The book is not that long.  168 pages of actual reading.  I read the book in one day.  The stories are truly incredible.  It is also interesting to read how both Johnson and Clark got started in a healing ministry.  Johnson was raised in the Pentecostal movement so he was always familiar with the teaching of divine healing and praying for the sick according to James 5:13-15.  Johnson does take a swipe at Pentecostals in a way by pointing out that while they believed in divine healing and did pray for the sick, no one ever got healed as far as he can remember.  It was just a tradition that they seemed to follow but never saw actual healings from.

Clark’s adventure into a healing ministry is a bit more unusual.  Clark was pastoring a traditional Baptist church that slowly turned toward the charismatic movement after Clark begin to listen to Vineyard teacher, the late John Wimber.  Clark begin to push his Baptist church toward praying for the sick and actually believing God would do miracles if they had faith according to Mark 11:22-24.  Clark said that soon their Baptist church was jumping and he even begin to invite men such as John Wimber to come and preach to their church about healing and signs and wonders.  I enjoyed Clark’s story because he came out of a non-Pentecostal background and begin to pray for healings.

The problems I have with the book are many.  First, there are only 3 passages of Scripture that are even referenced in 168 pages. Did you read that and catch that?  Here is a book that seeks to build faith in the people reading the book to begin to pursue God for divine healings and miracles yet only three passages from the Bible are even referenced and those only in passing.  None of the three passages are even exegeted.  How can Bible teachers or prophets or healers claim to be speaking for God and seeking to build people’s faith in God yet not deal with the Scriptures?  Romans 10:17 says that the Word of God builds our faith but we don’t find much focus on the Word of God in this book at all.

Secondly, the stories, while incredible, are simply told and we are to just believe them.  In some cases they will even say that a doctor checked out the healed person and verified the healing but nothing is given as proof.  The Bible, on the other hand, is a book that can be tested (2 Peter 1:16-21).  The Bible doesn’t tell us to trust God blindly.  It gives us proofs in the Bible that show us that God is truthful in what He has said (John 17:17).  I don’t doubt that I too have told stories and not given any proof for my story and simply expect people to believe me but in this case, Johnson and Clark are sending this book out to millions of people with only their view of the healings as proof.
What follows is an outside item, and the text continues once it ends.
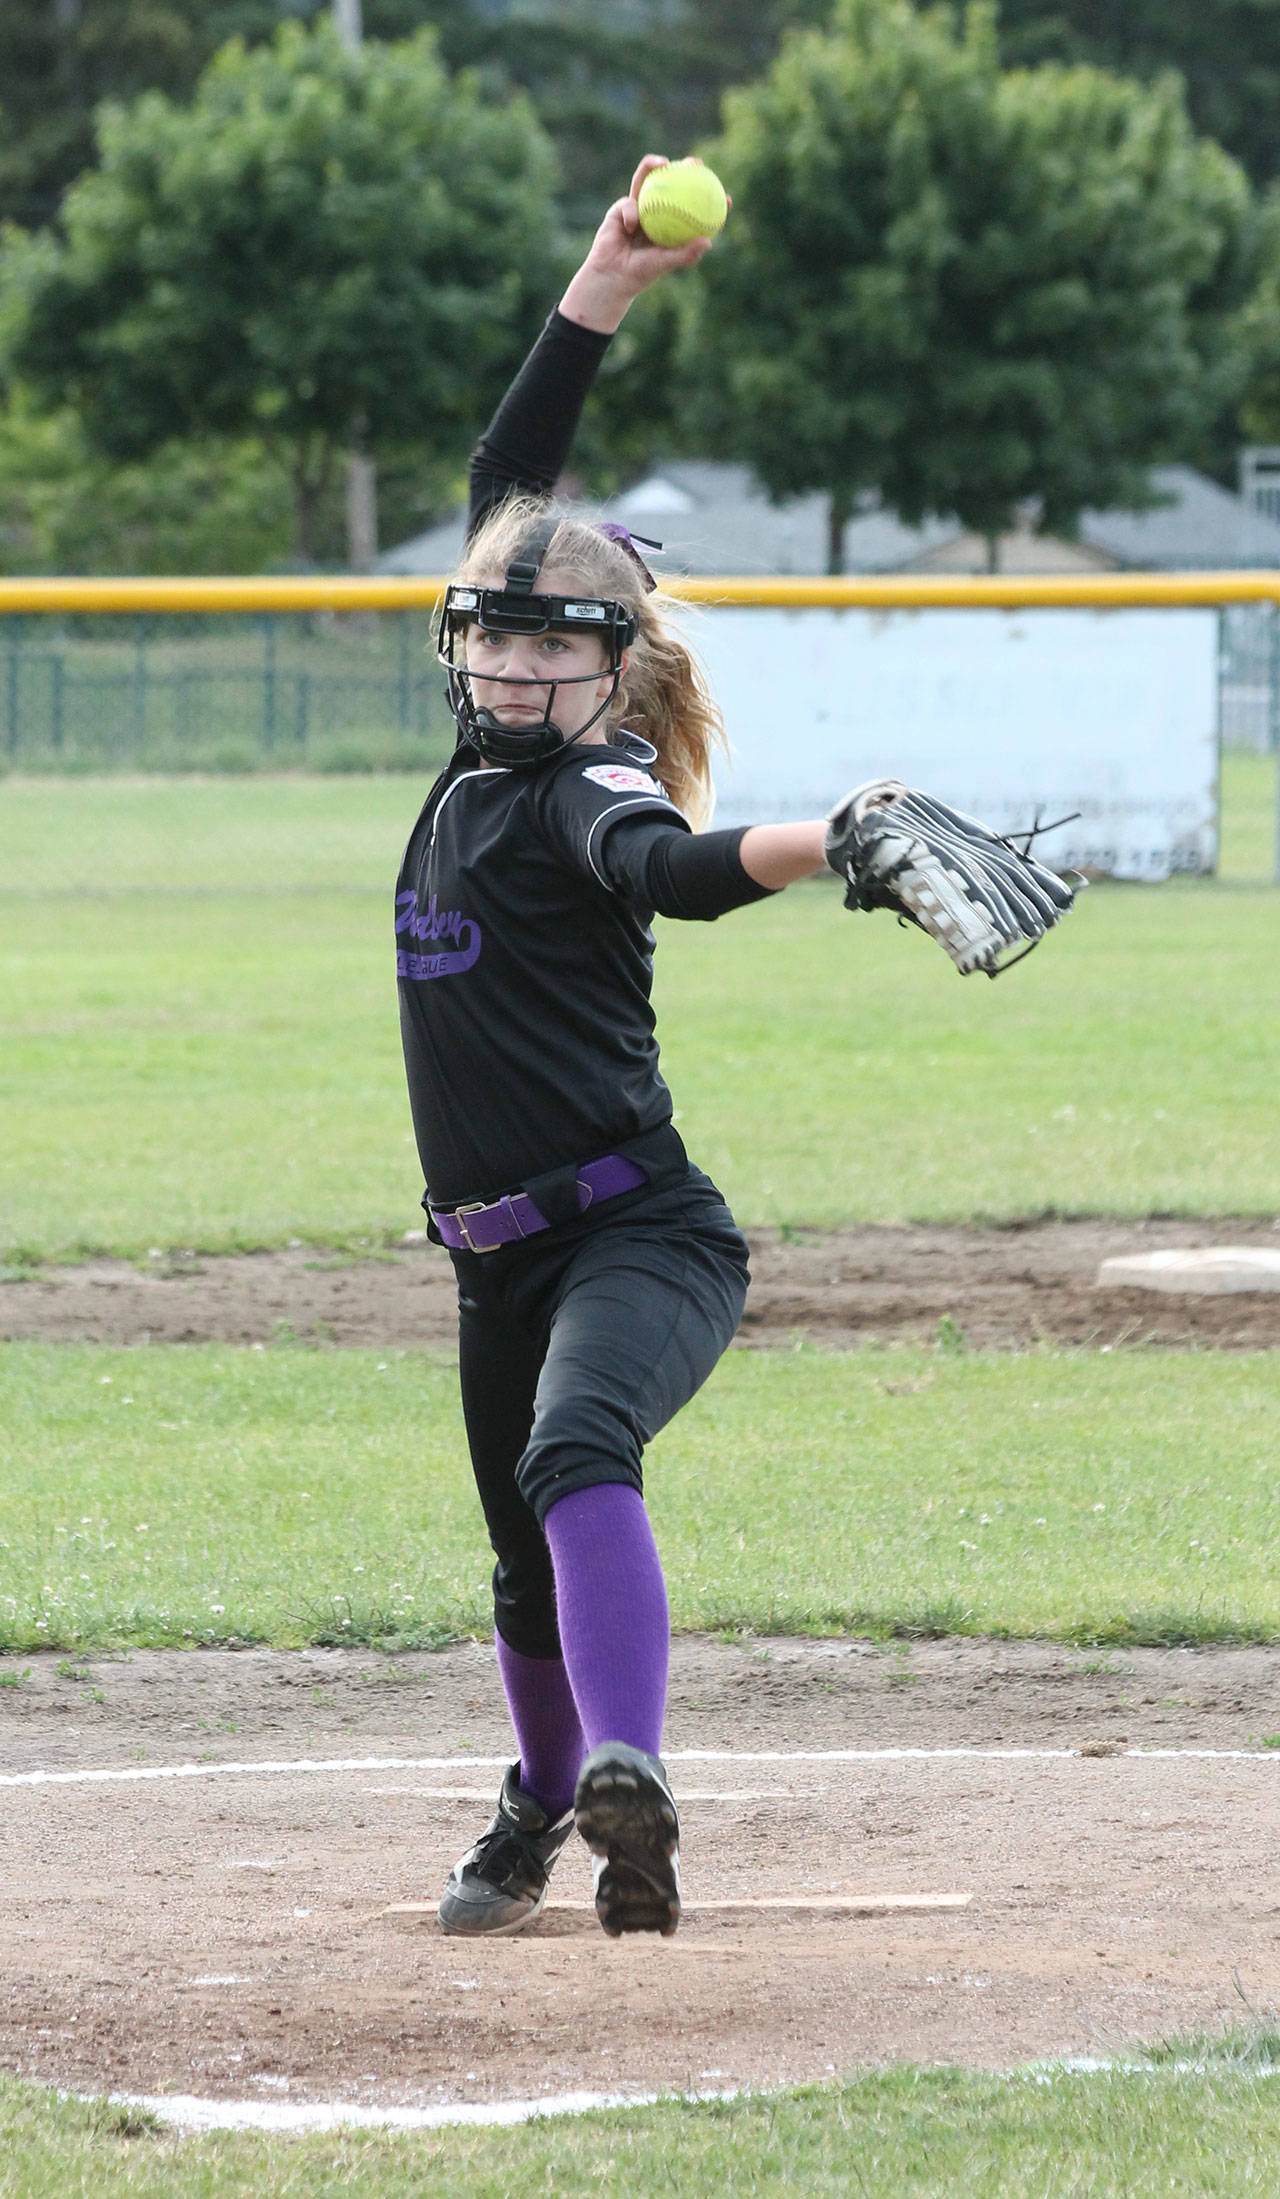 The Bat Busters’ Reese Wasinger hurls a pitch in her 15-strikeout win over the Blue Dragons Wednesday. (Photo by Jim Waller/Whidbey News-Times)

Lastly, I found that the book really didn’t do a good job of focusing on Jesus.  The Apostles in the book of Acts always focused on Jesus as the Savior, Lord, and Healer (Acts 3:26).  In fact, Peter (Acts 4:8-9) and Paul (Acts 14:14-18) both clearly told people to look to Jesus and not to them.  The focus of healings, signs and wonders is always to point to the Savior (Mark 16:20; Hebrews 2:4).  In Acts 14:3 we read, “So they remained for a long time, speaking boldly for the Lord, who bore witness to the word of his grace, granting signs and wonders to be done by their hands.” But the focus was entirely upon Jesus Christ and His gospel.  Mankind’s greatest need is not healing of our bodies but our sins forgiven through Christ (Luke 24:47).  This should be our aim: to exalt Jesus Christ so that all may be saved through faith in Him (John 6:37; 2 Peter 3:9).

Overall I do not recommend this book for those interested in divine healing.  A couple of books to look at about healing would be Jack Deere’s Surprised by the Power of the Spirit

Here is the book

and Richard Mayhue’s The Healing Promise.  I strongly recommend Mayhue’s book.